*** Data ***
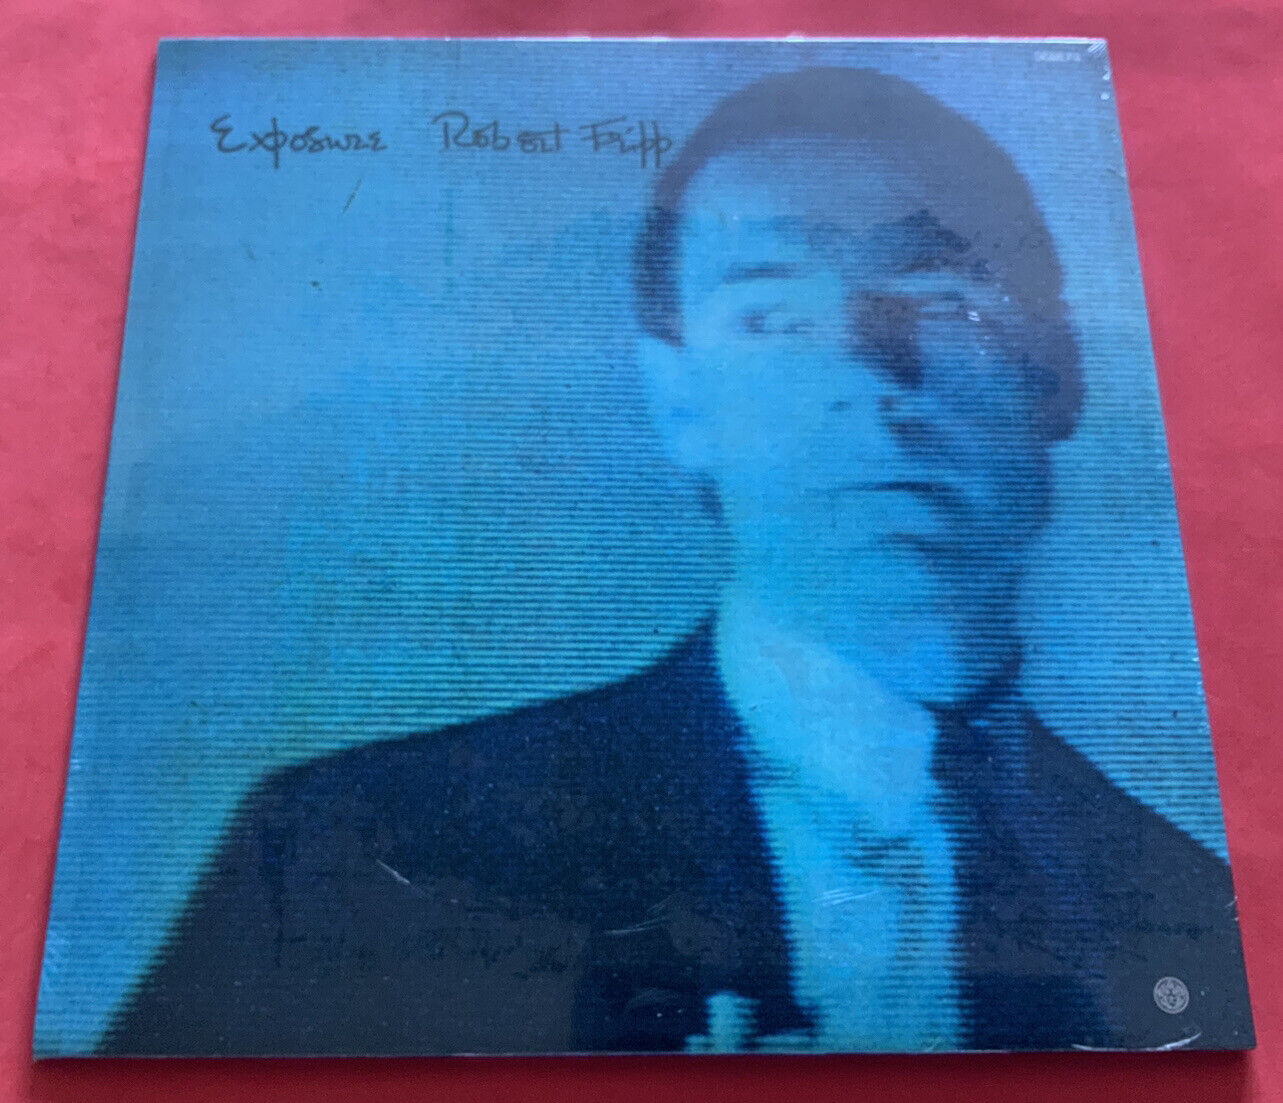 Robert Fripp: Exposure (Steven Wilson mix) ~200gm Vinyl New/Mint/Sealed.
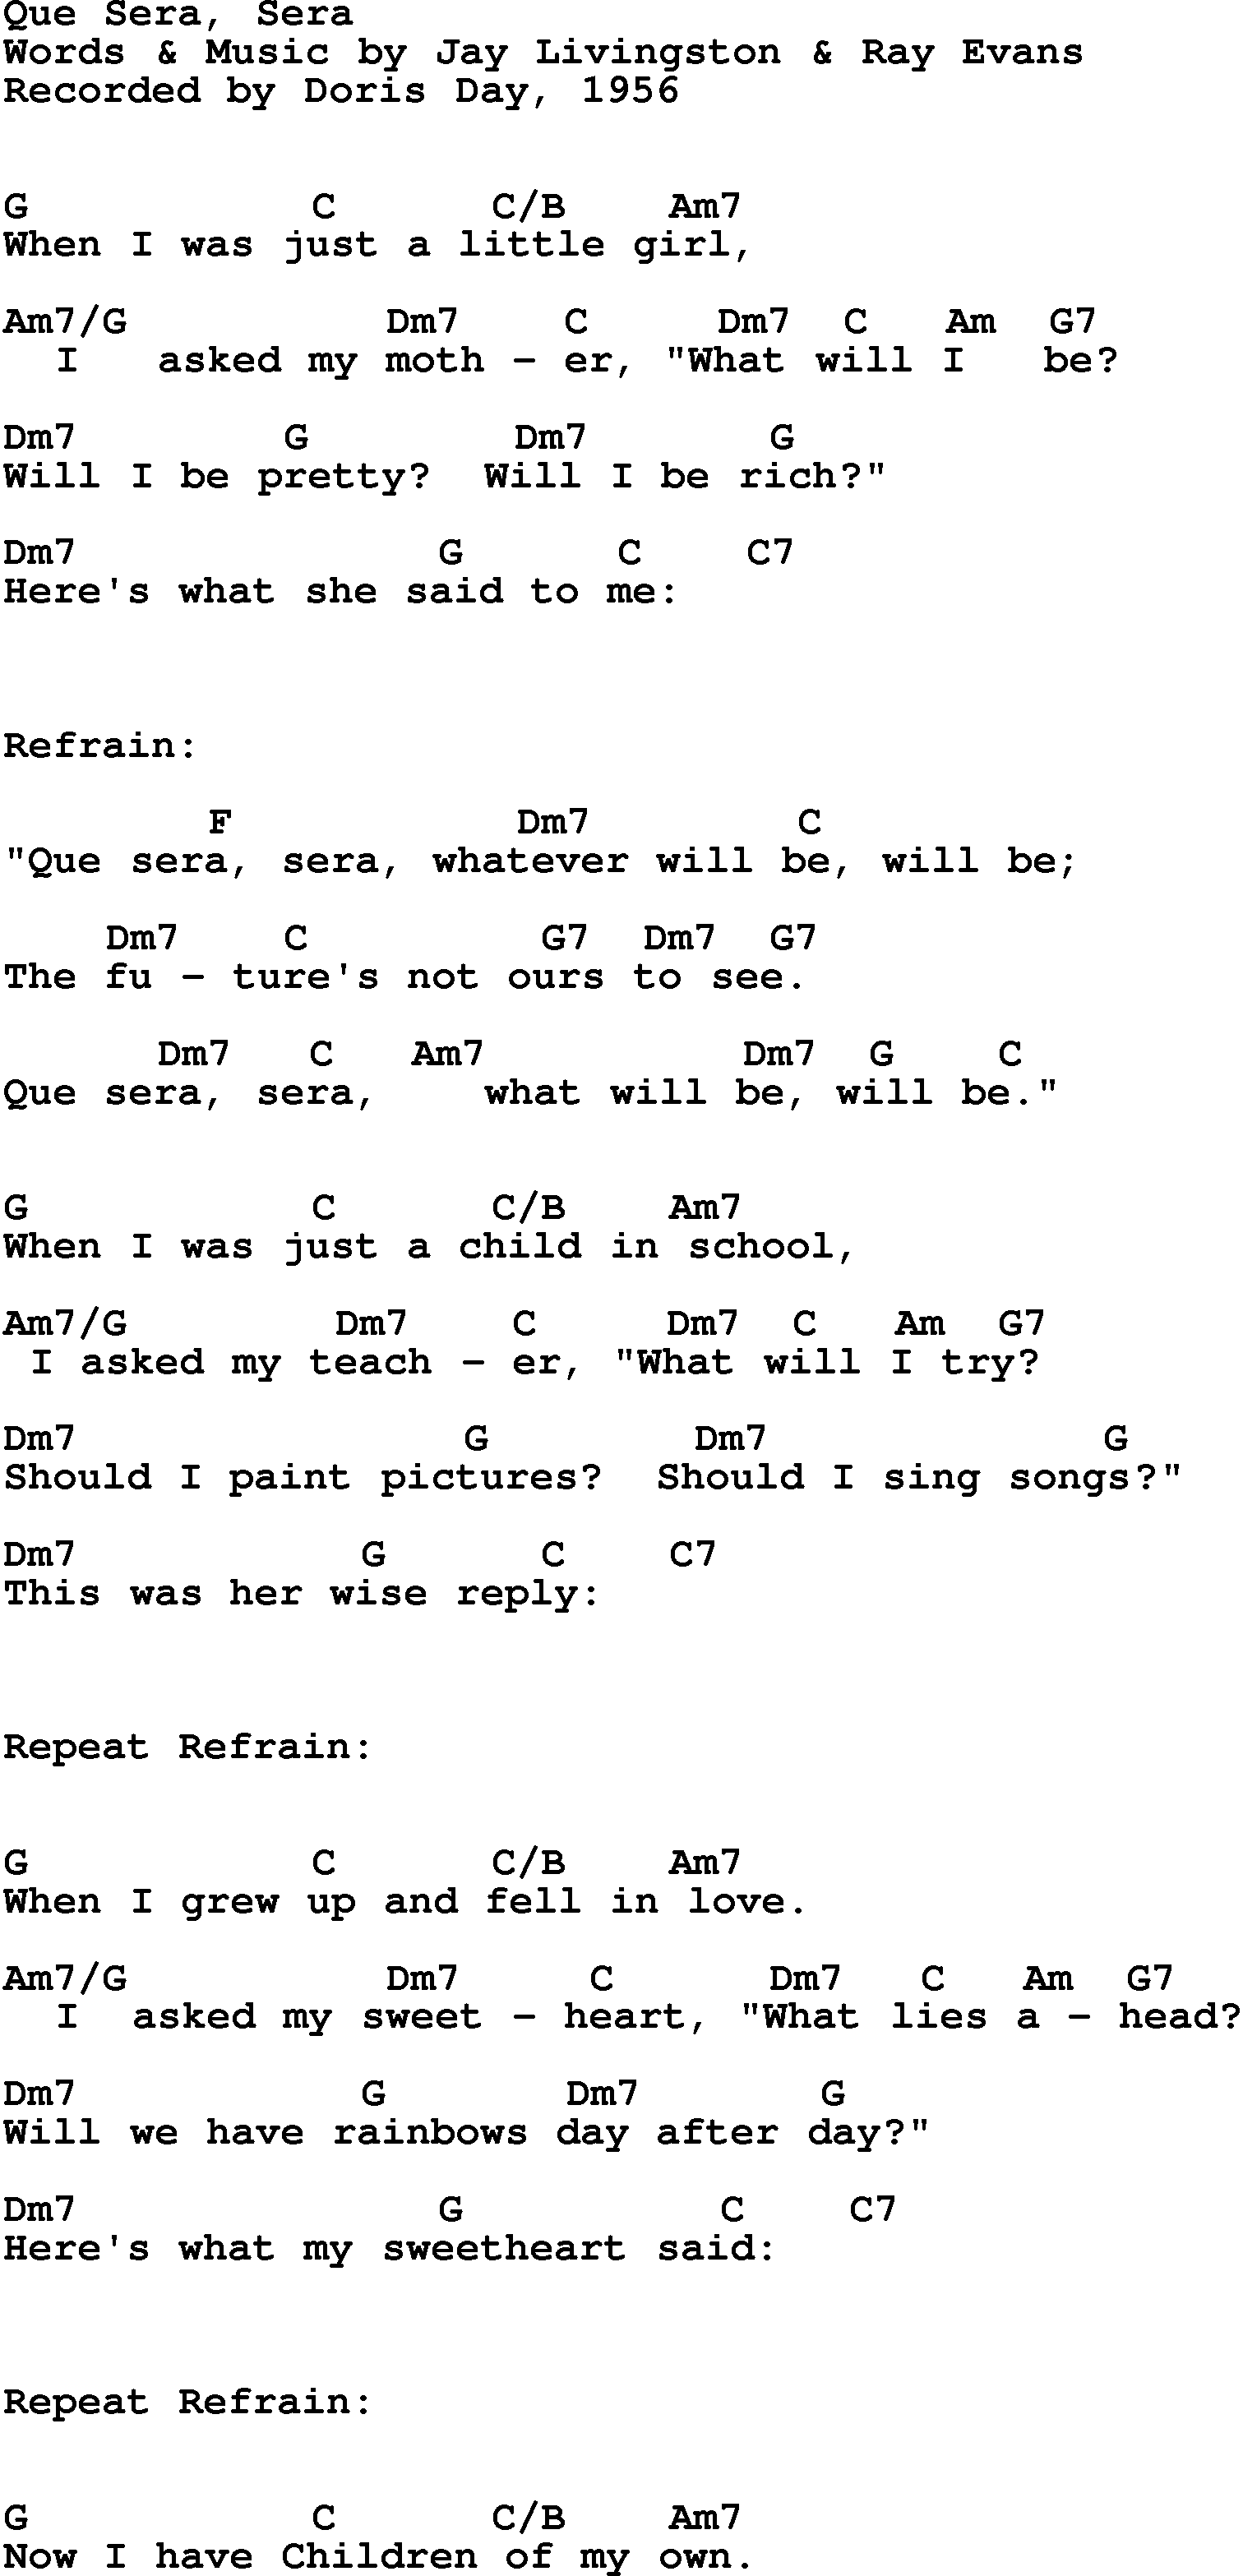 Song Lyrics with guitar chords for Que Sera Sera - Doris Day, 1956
*** End of Data ***
*** Data ***
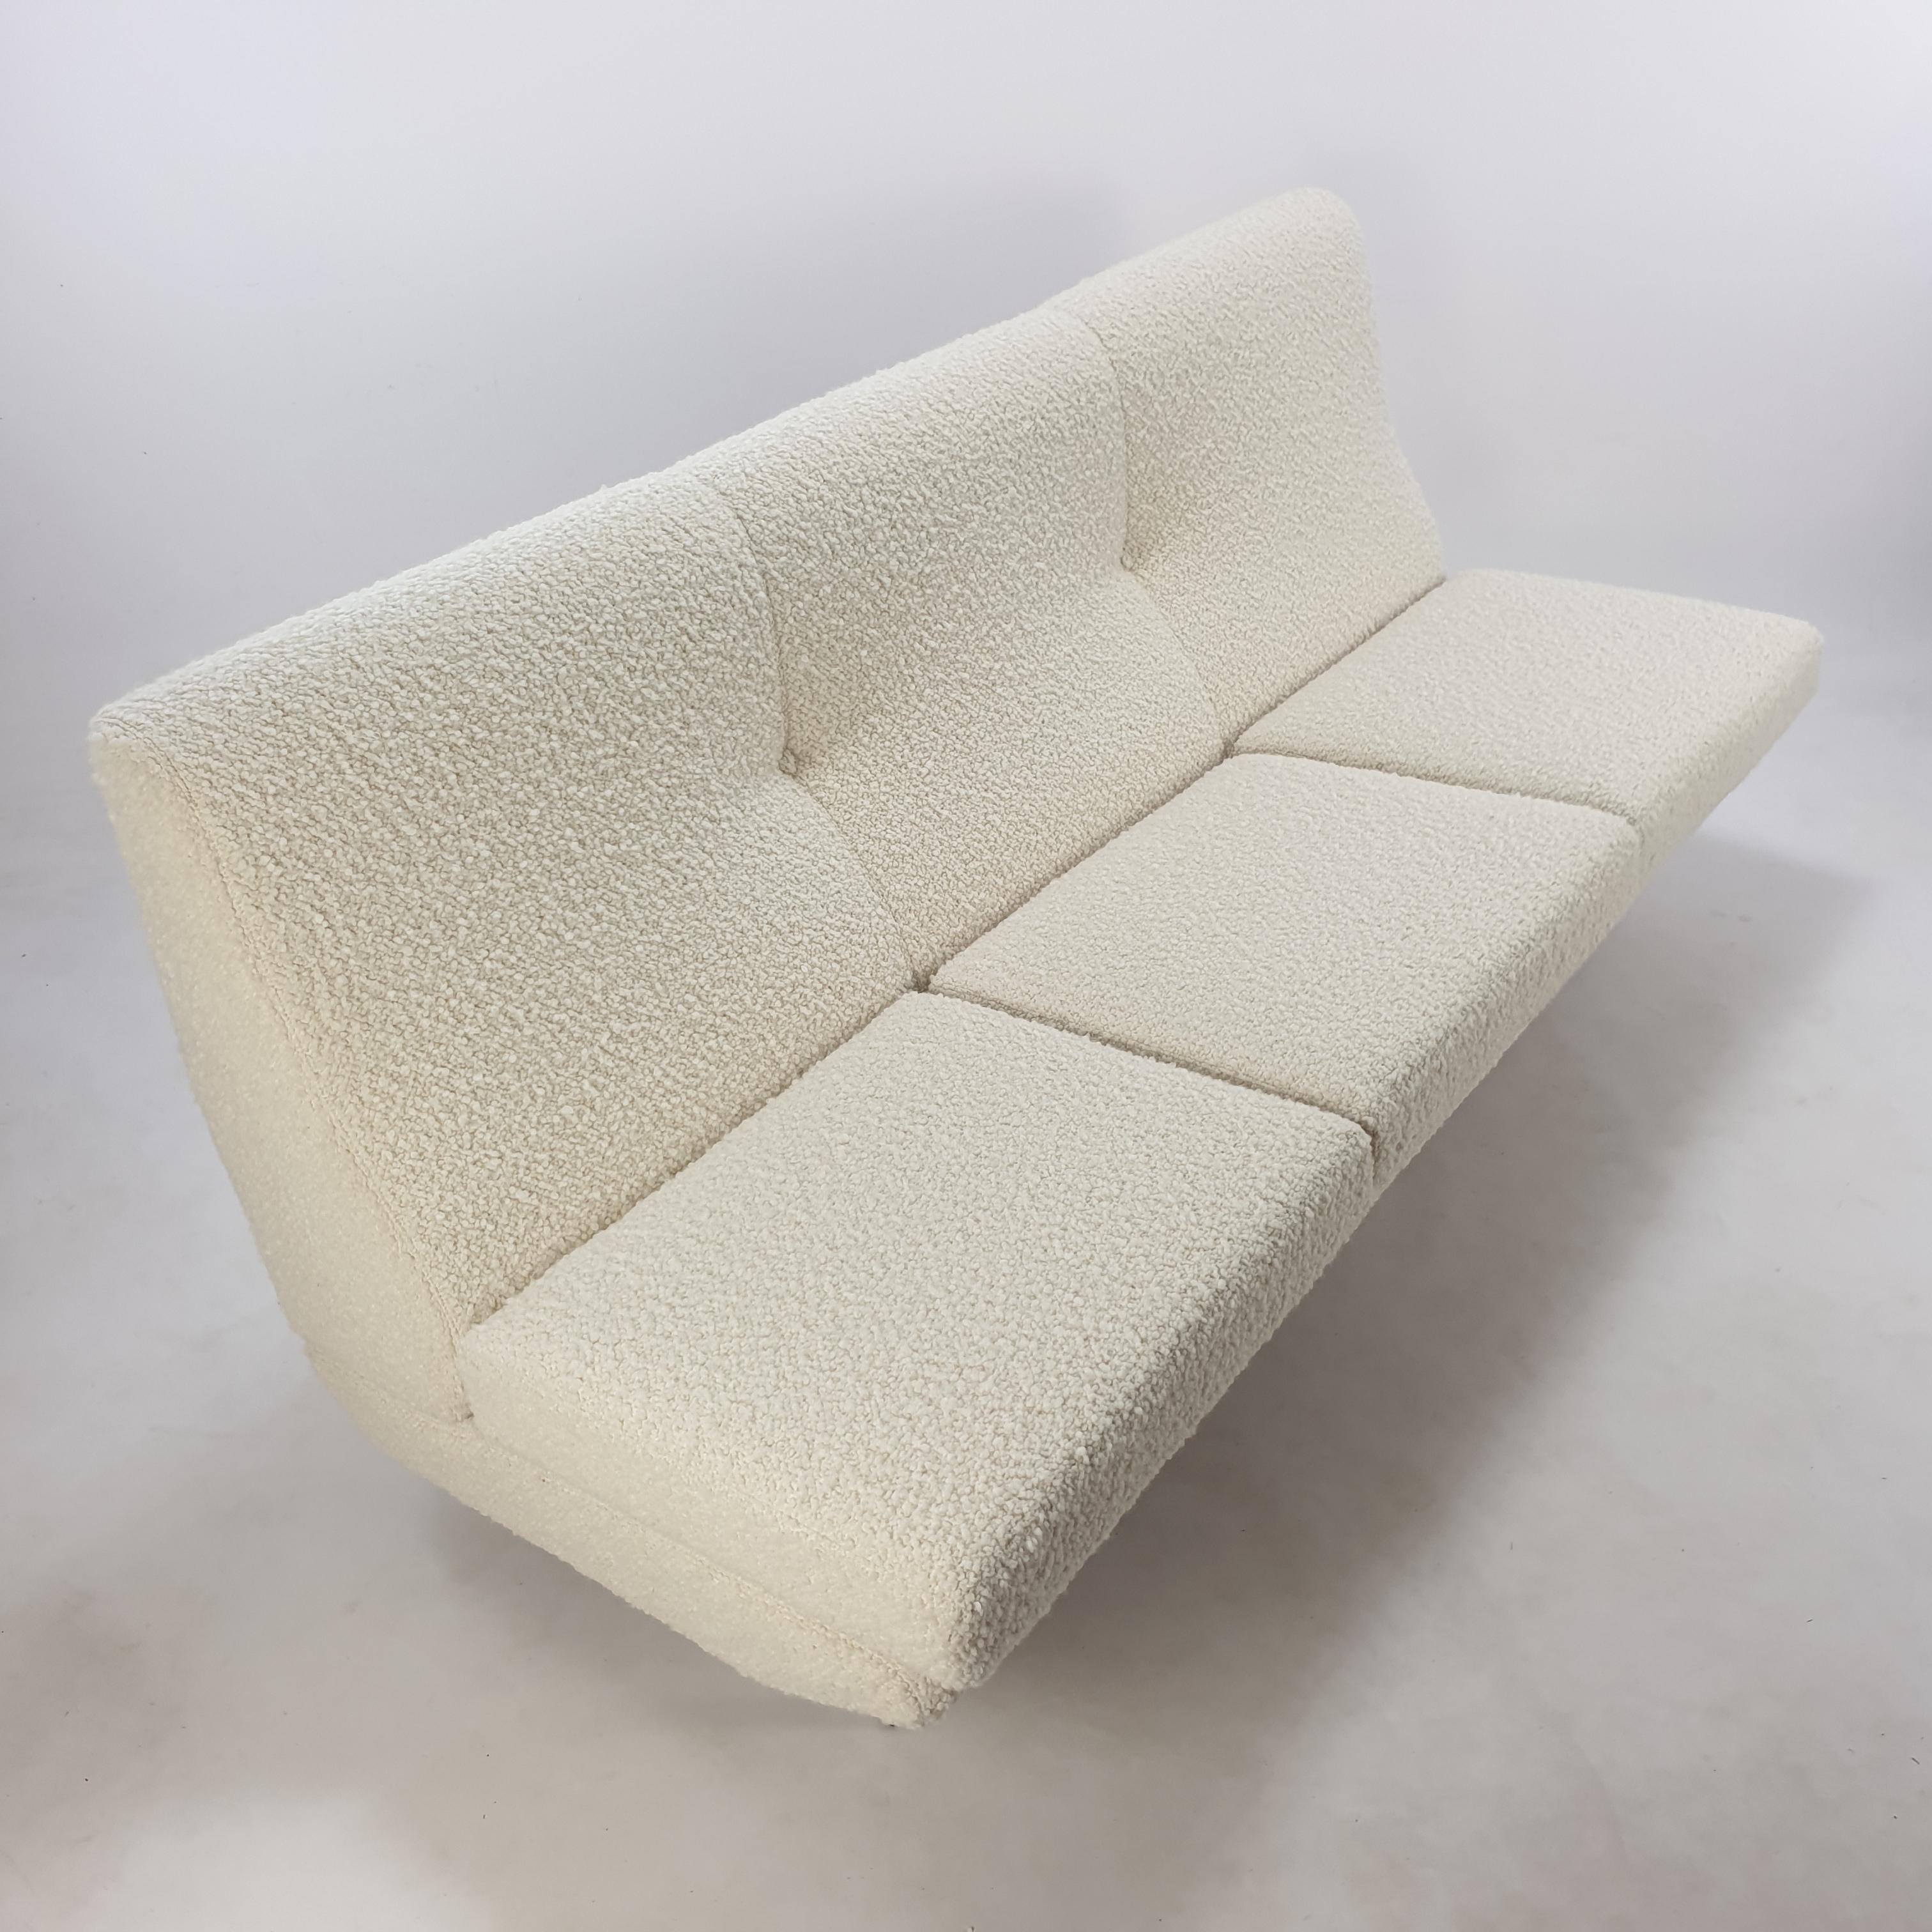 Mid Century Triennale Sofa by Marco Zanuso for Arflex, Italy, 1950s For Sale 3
*** End of Data ***
* [Instructions to follow]
Reproduce the lines above beginning at the line that contains "Robert Fripp: Exposure" and ending at the line that contains "Song Lyrics with". No pictures.

* [Answer section]
 Robert Fripp: Exposure (Steven Wilson mix) ~200gm Vinyl New/Mint/Sealed.
 Song Lyrics with guitar chords for Que Sera Sera - Doris Day, 1956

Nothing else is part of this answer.